PROBLEM DESCRIPTION = Please reproduce the data exactly, though every picture must stay out.

Extracted records =
▬▬▬
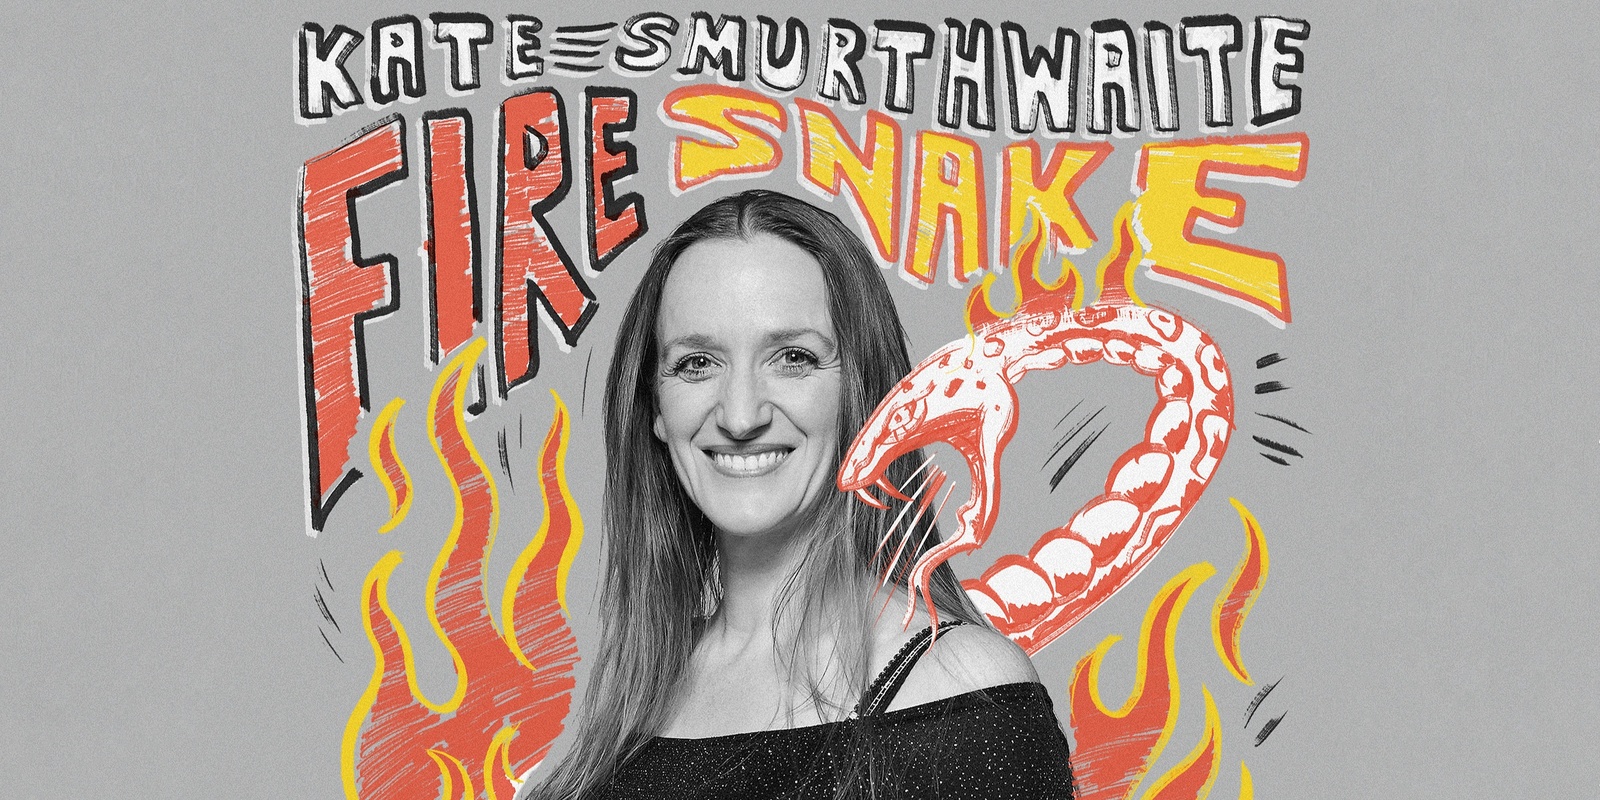 Banner image for The Clubhouse presents Kate Smurthwaite: Fire Snake
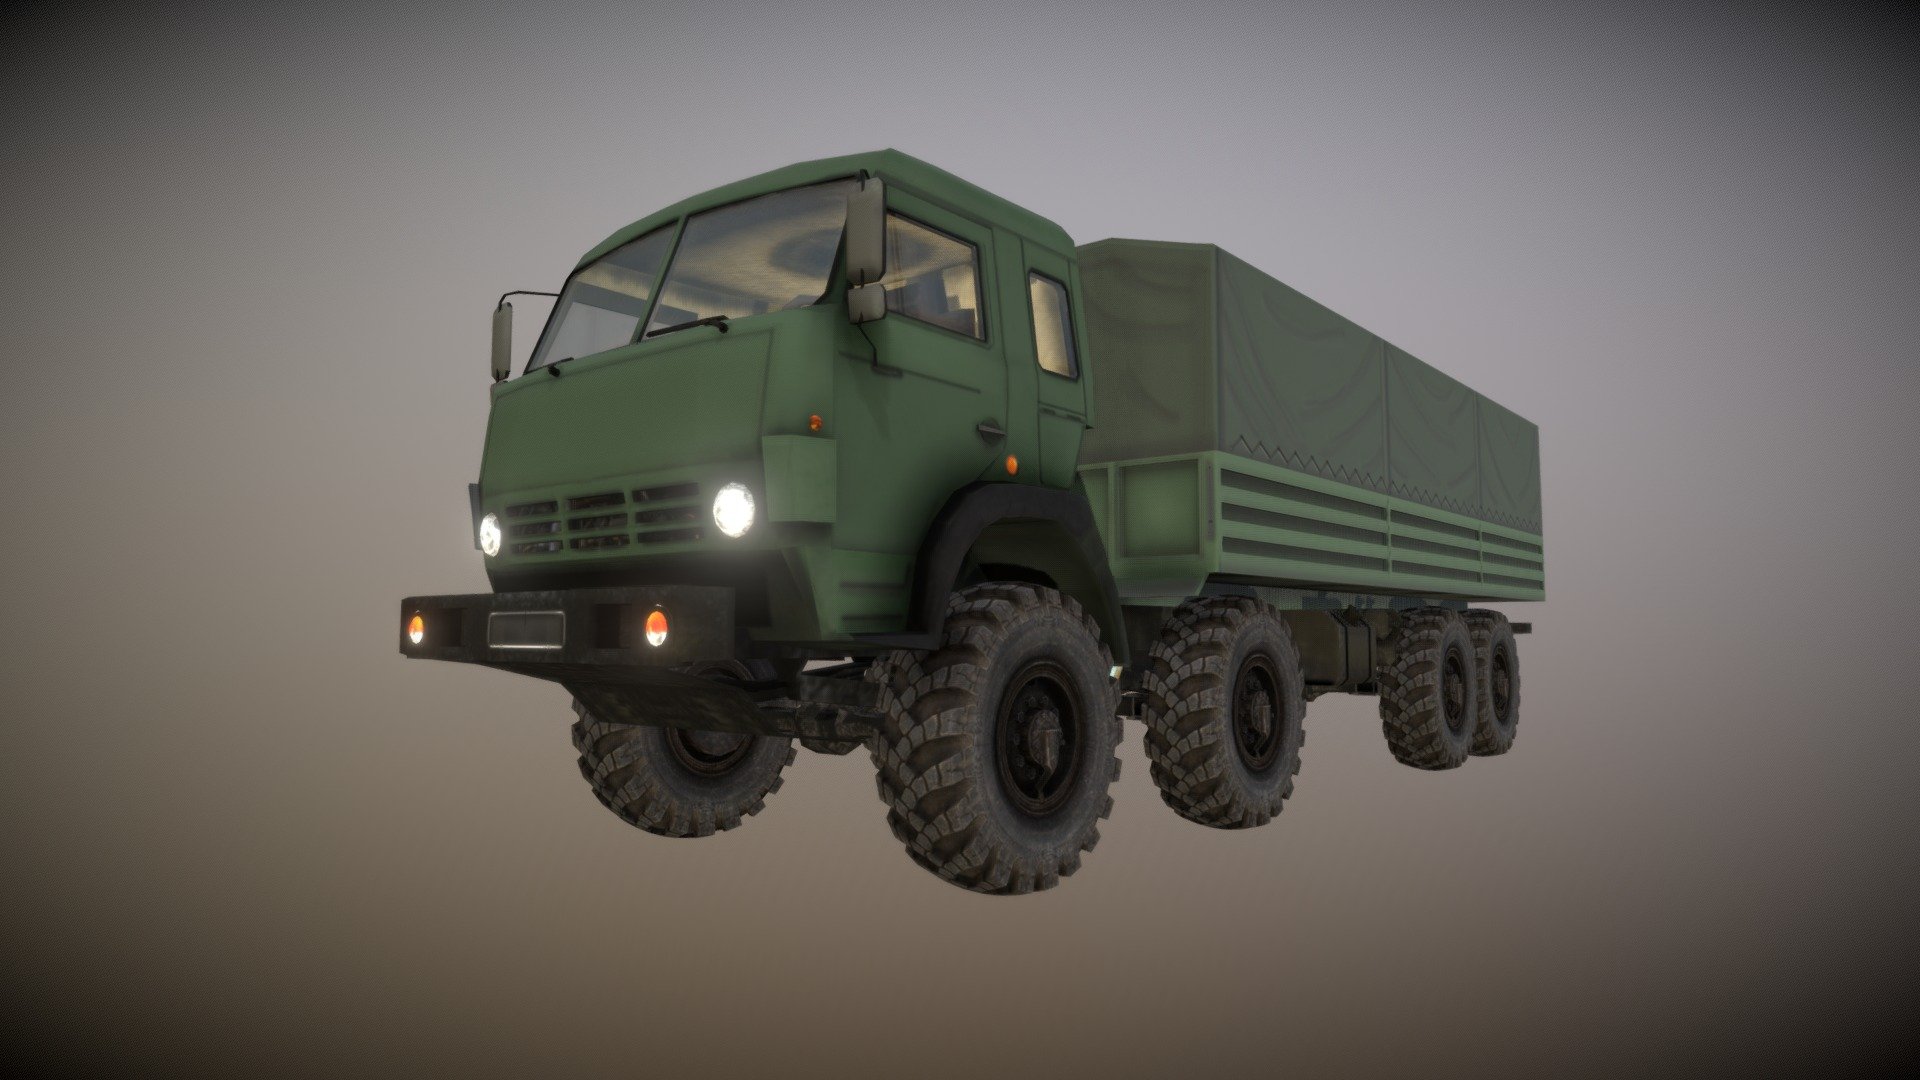 A few amazing models of Russian military trucks will replenish your collection and add variety to your game!
Kamaz 8x8 and Kamaz 6x6 This is the most popular and best. In addition, these trucks have winter and summer colors, as well as a dirty summer and desert color.
In addition, trucks &ldquo;Kamaz
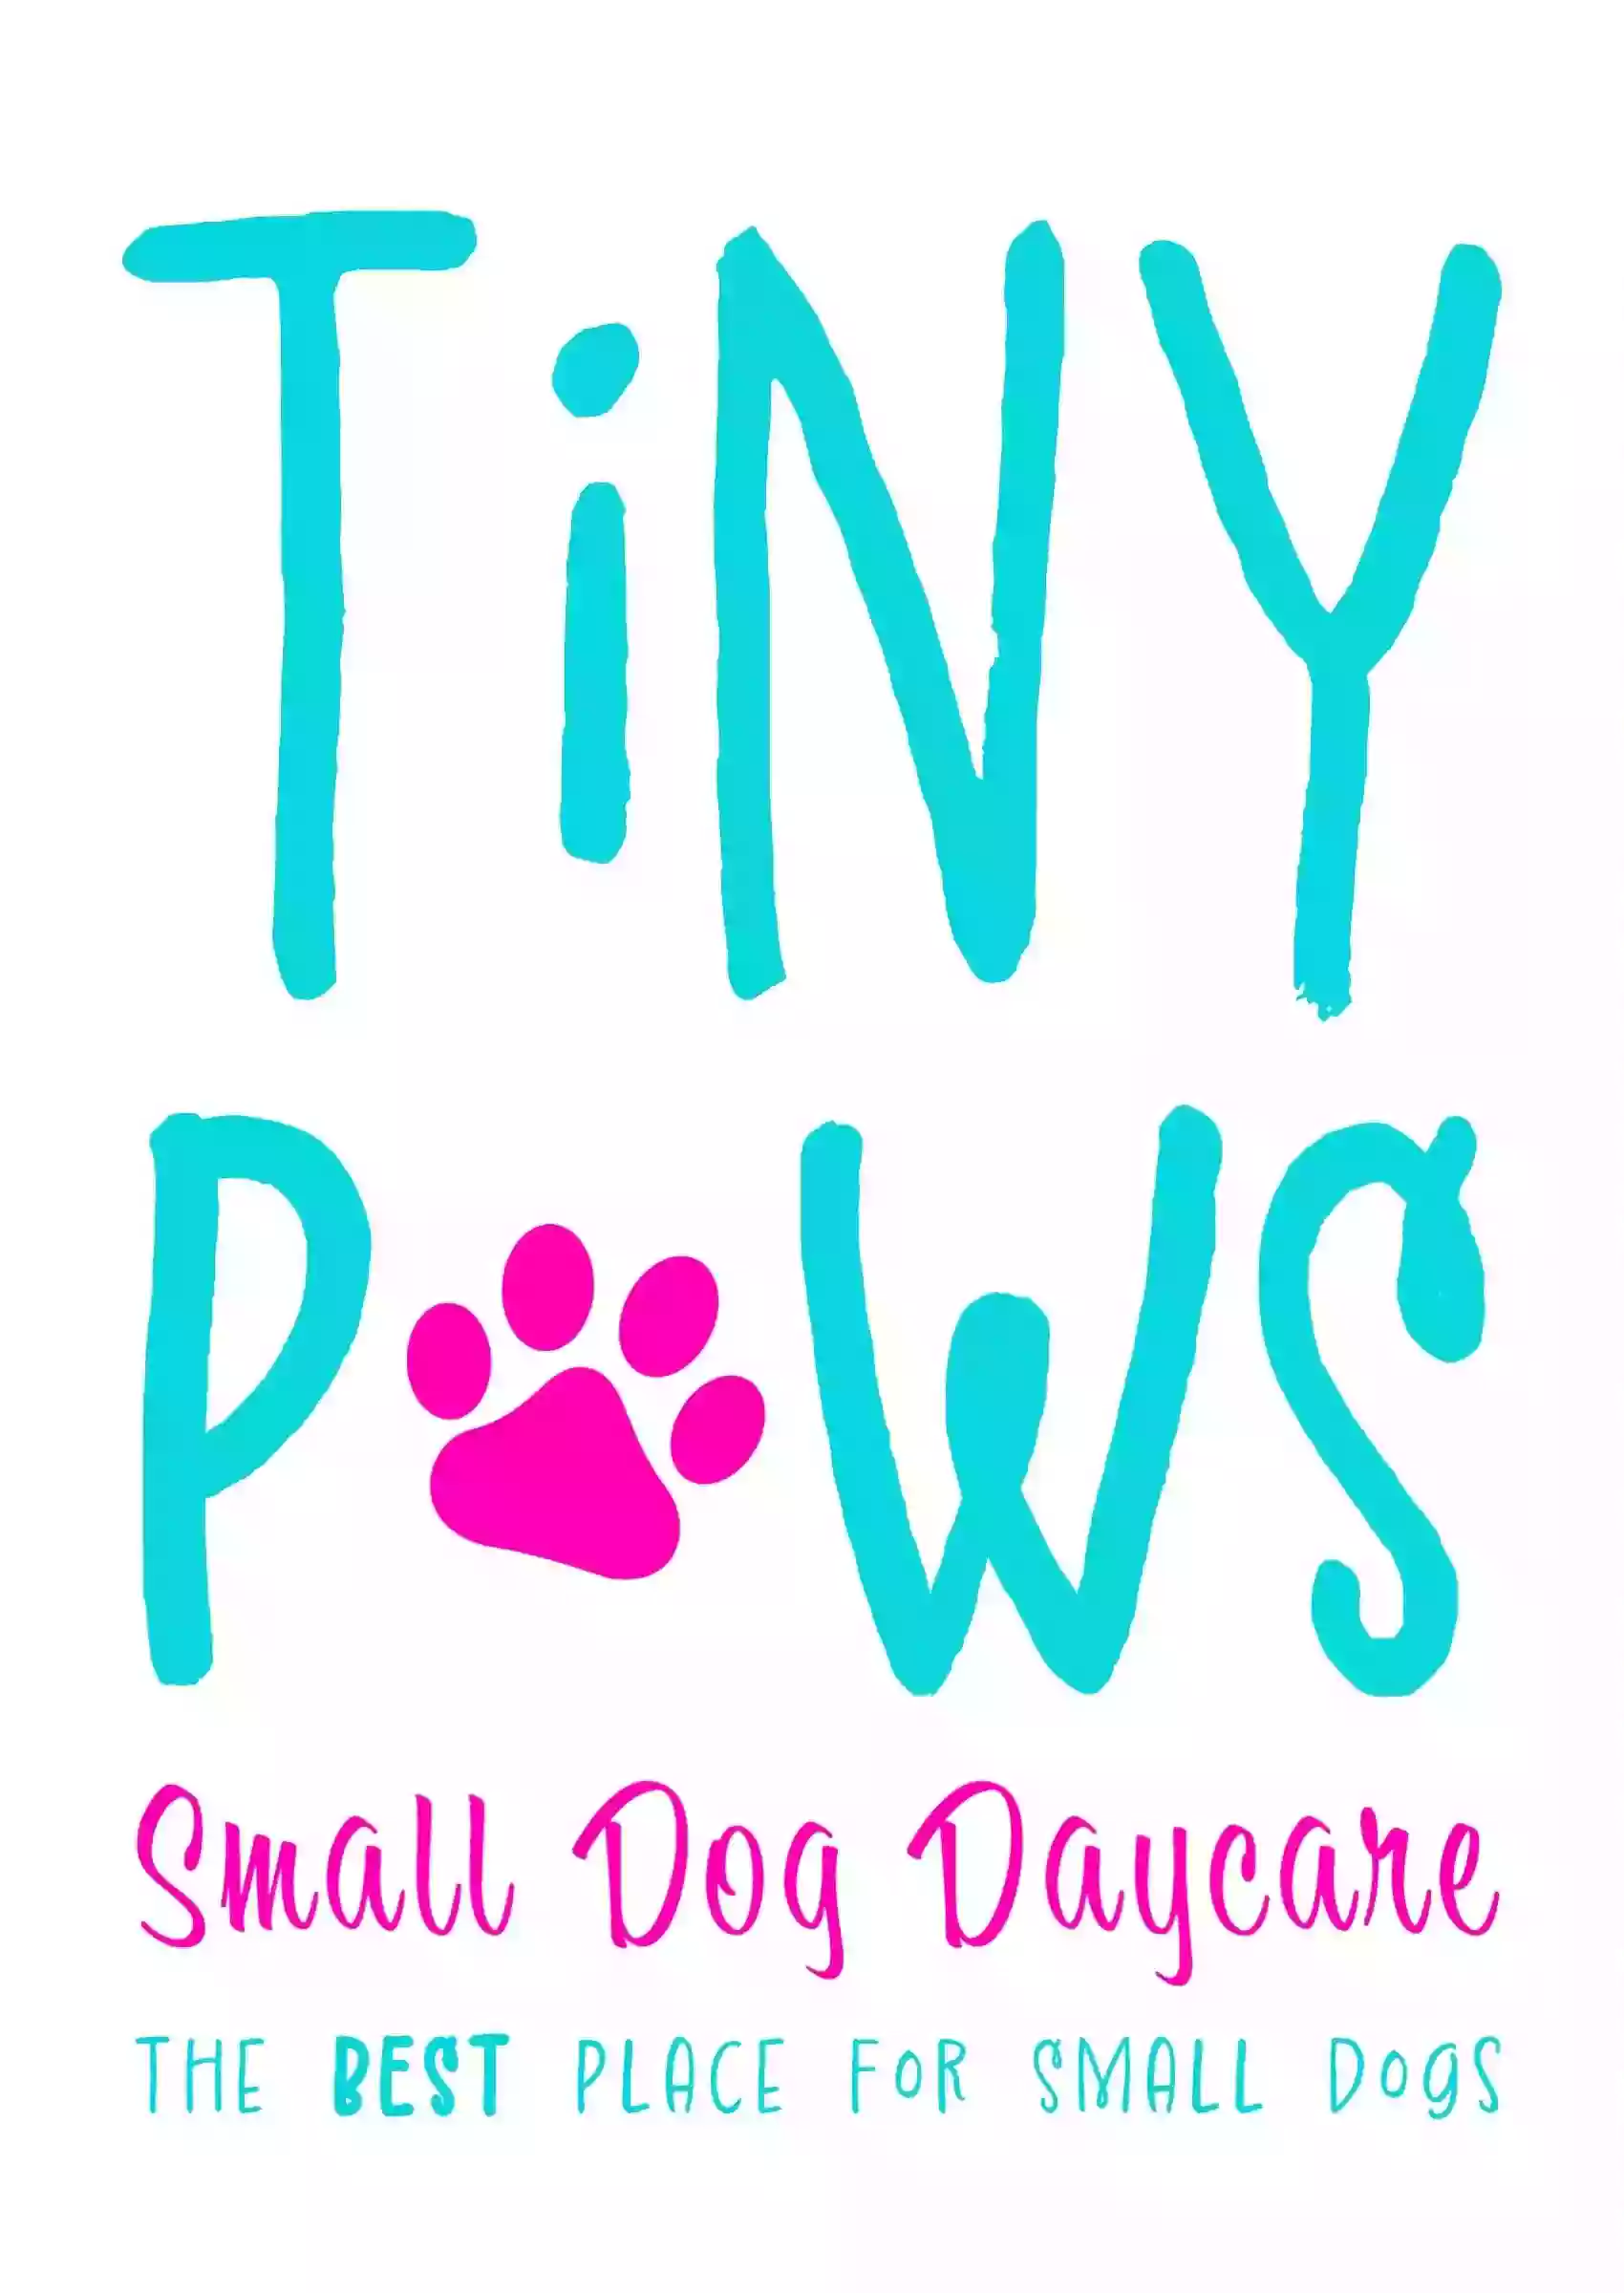 Tiny Paws Doggy Daycare "The BEST Place for Small Dogs!"
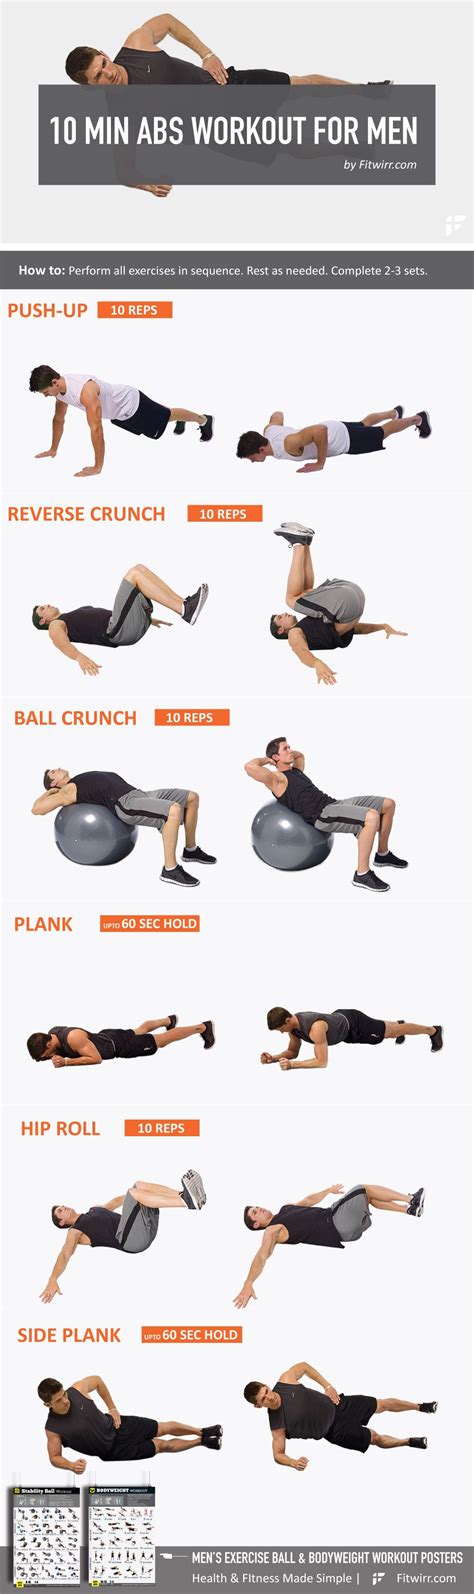 Best Ab Workouts For Men Ab Exercises For Six Pack Abs Minute Ab Workout Ab Workout
▬▬▬
SOLUTION BELOW =
 Banner image for The Clubhouse presents Kate Smurthwaite: Fire Snake
 A few amazing models of Russian military trucks will replenish your collection and add variety to your game!
Kamaz 8x8 and Kamaz 6x6 This is the most popular and best. In addition, these trucks have winter and summer colors, as well as a dirty summer and desert color.
In addition, trucks &ldquo;Kamaz
 Tiny Paws Doggy Daycare "The BEST Place for Small Dogs!"
 Best Ab Workouts For Men Ab Exercises For Six Pack Abs Minute Ab Workout Ab Workout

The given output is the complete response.